DQN使用Bellman公式来定义最小化损失函数:
\(\mathcal{L}(\beta)=\mathbb{E}\left[\left(r+\gamma \max _{a^{\prime}} Q\left(s^{\prime}, a^{\prime} \mid \beta^{\prime}\right)-Q(s, a \mid \beta)\right)^2\right]\)
DQN的缺陷:
“However, using a neural network to approximate value function is proved to be unstable and may result in divergence due to the bias originated from correlative samples”
然而,使用神经网络逼近值函数被证明是不稳定的,并且由于样本相关性所产生的偏差可能导致发散
解决方案:
设置一个experience replay memory来打断样本之间的关联
“Double DQN (DDQN)” 双DQN
“The idea of DDQN is to separate the selection of “greedy” action from action evaluation.”
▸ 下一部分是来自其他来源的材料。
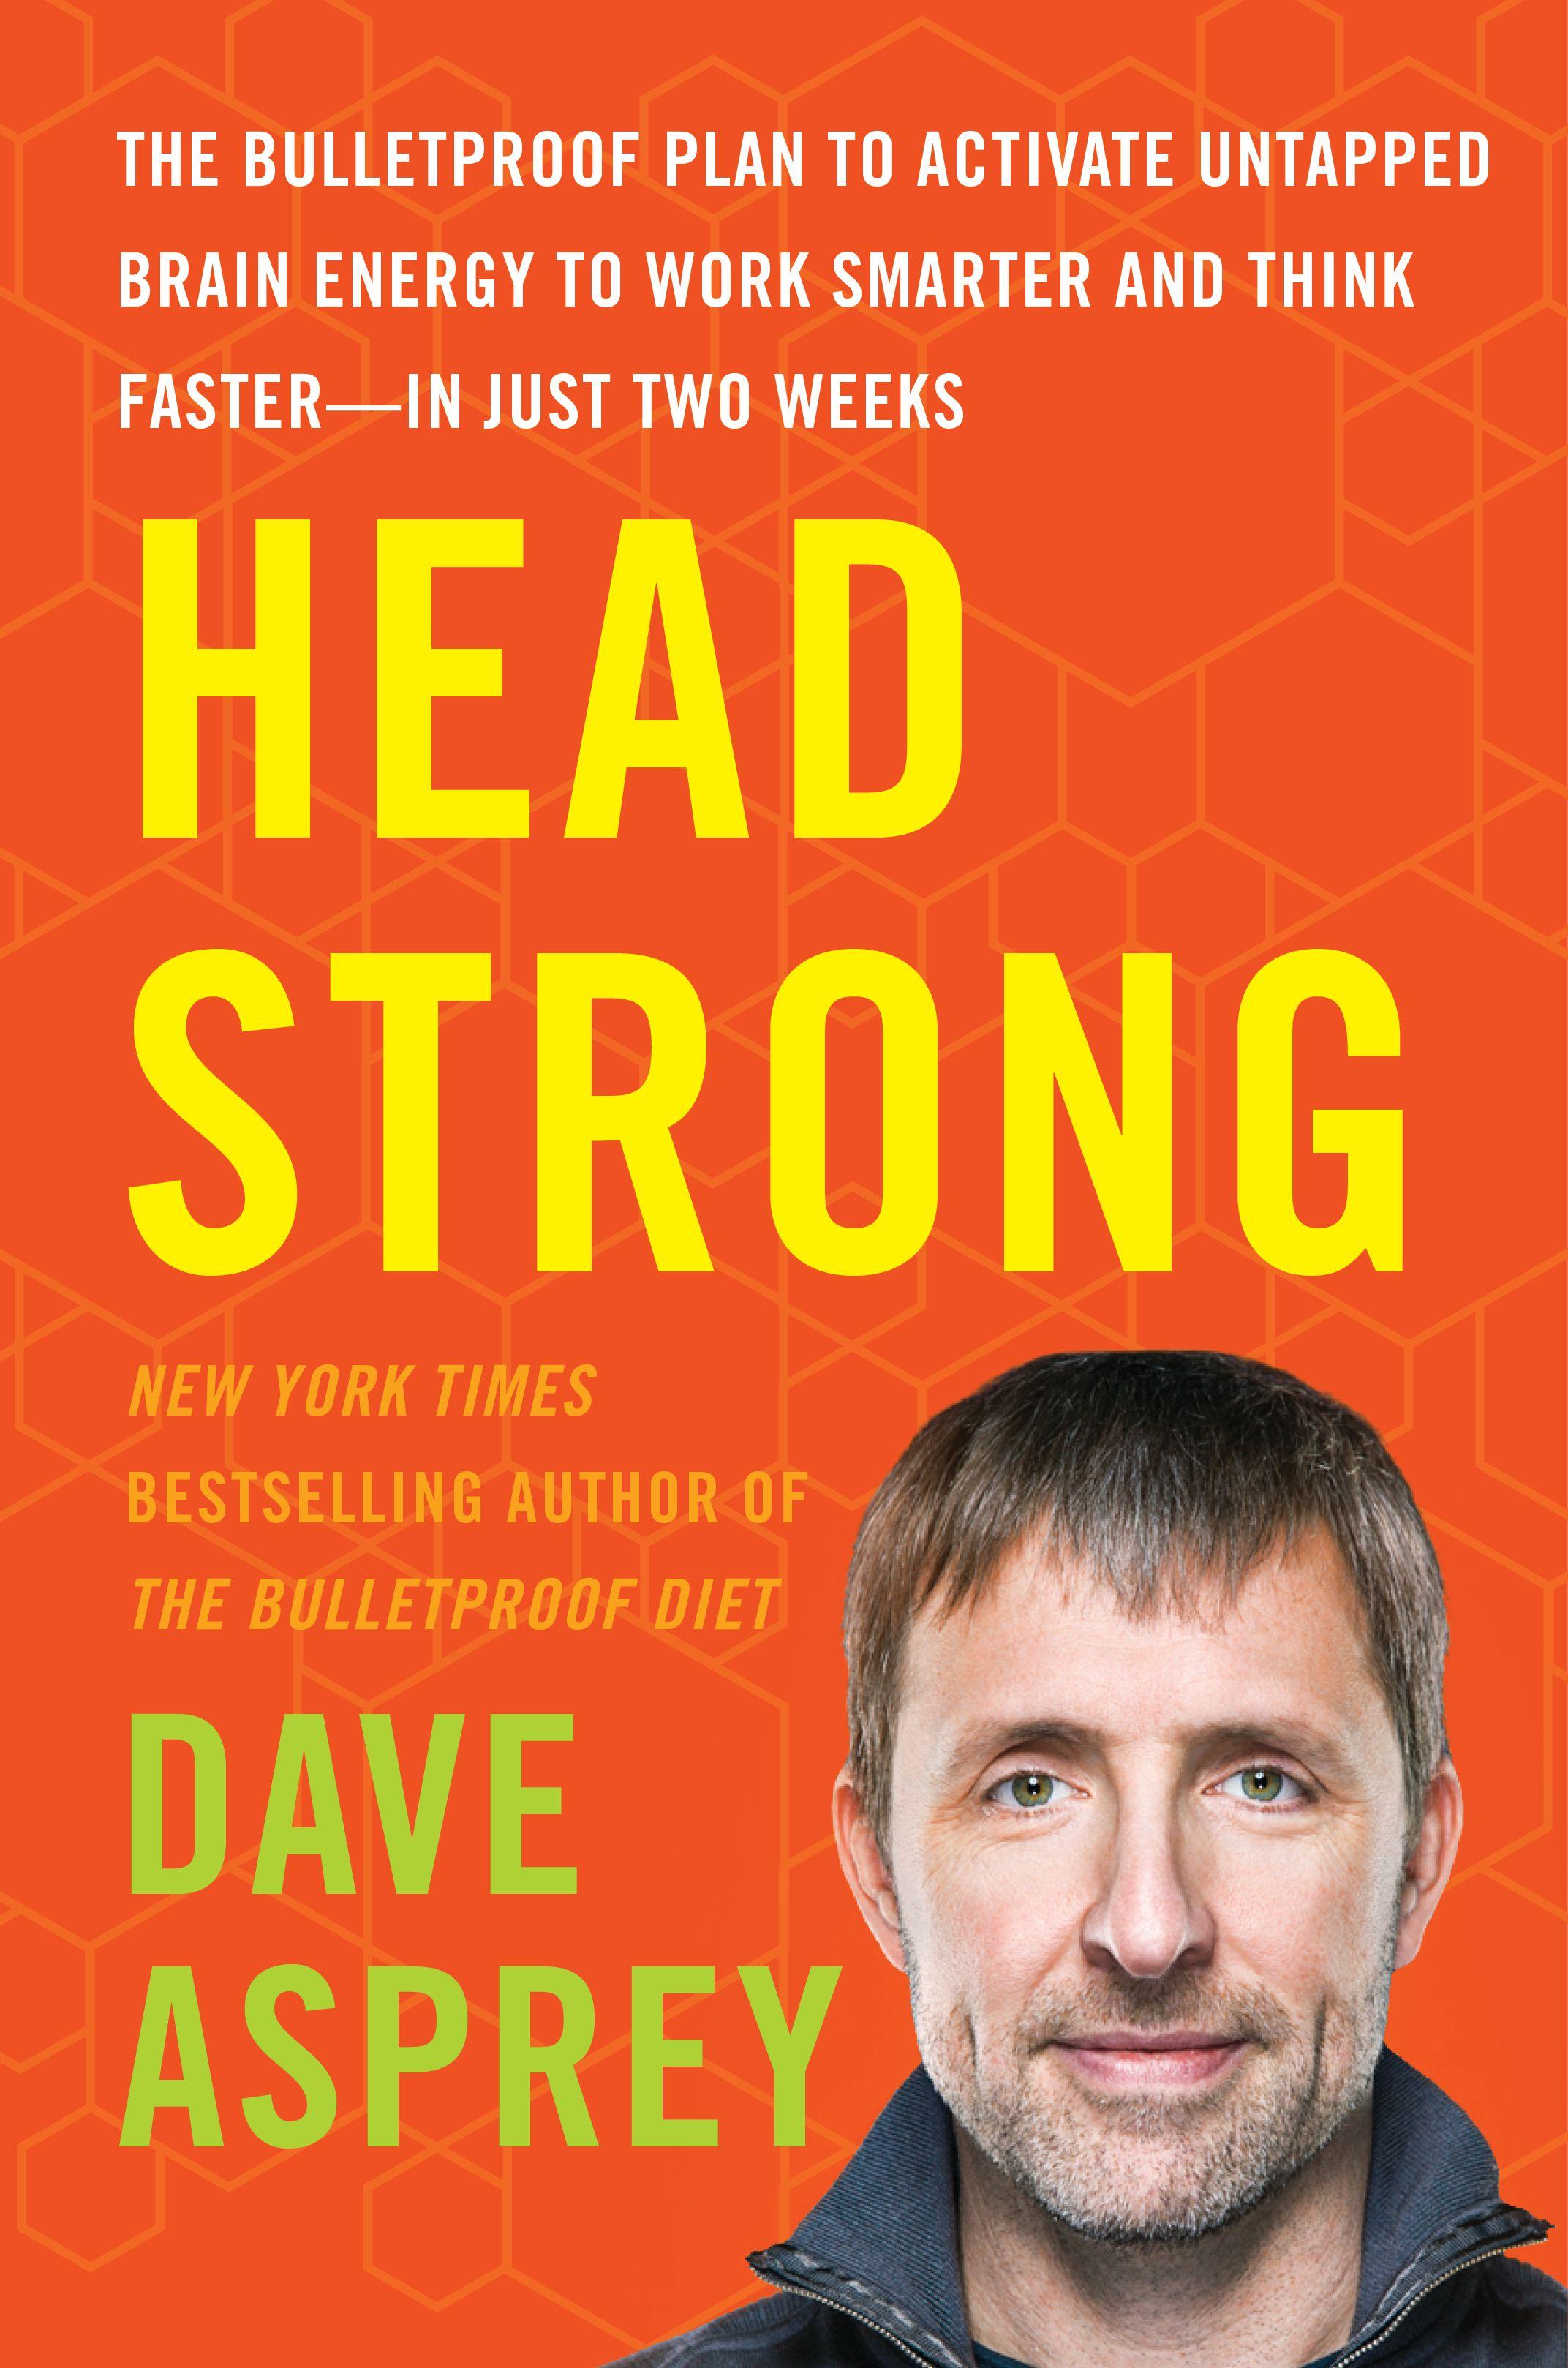 Download Ebook Head Strong By Dave Asprey In Pdf Epub Nook Mobi Djvu Kindle  Format

DDQN的思想是将“贪婪”行为的选择与行为评估分开。
\(\mathcal{L}_{\mathrm{DDQN}}(\beta)=\mathbb{E}\left[\left(r+\gamma Q\left(s^{\prime}, \arg \max _{a^{\prime}} Q\left(s^{\prime}, a^{\prime} \mid \beta\right) \mid \beta^{\prime}\right)-Q(s, a \mid \beta)\right)^2\right]\)
关键区别在于\(\beta\) 在公式里面是不带撇的,意思是使用当前的参数来估计一个最大\(a^`\) 得到的最大Q值。
问题:
“However, the fact that selecting randomly samples from the experience replay does not completely separate the sample data”
“然而,从经验回放中随机选择样本并不能完全分离样本数据”
方案:prioritized experience replay
\(p_i=\left|\delta_i\right|=\left|r_i+\gamma \max _a Q\left(s_i, a \mid \beta^{\prime}\right)-Q\left(s_{i-1}, a_{i-1} \mid \beta\right)\right|\)
采用Q值之间的绝对TD差作为样本的随机抽取优先级。
“Dueling network” 决斗网络
DQN策略选取会遇到一个问题就是又是会产生多个候选情况,而这两者都看起来没有负面作用,但是在之后的过程中其中某些会产生问题。作者在这里用了一个比喻:
“when driving a car and there are no obstables ahead, we can follow either the left lane or the right lane. If there is an obstacle ahead in the left lane, we must be in the right lane to avoid crashing. Therefore, it is more efficient if we focus only on the road and obstacles ahead.”
当开车时,前面没有障碍物,我们可以走左车道或右车道。如果前面的左车道有障碍物,我们必须在右车道以避免撞车。因此,如果我们只关注前面的道路和障碍,效率会更高。
“In the dueling architecture, there are two collateral networks that coexist: one network, parameterized by θ , estimates the state-value function V(s|θ) and the other one, parameterized by θ ′, estimates the advantage action function A(s, a|θ ′).”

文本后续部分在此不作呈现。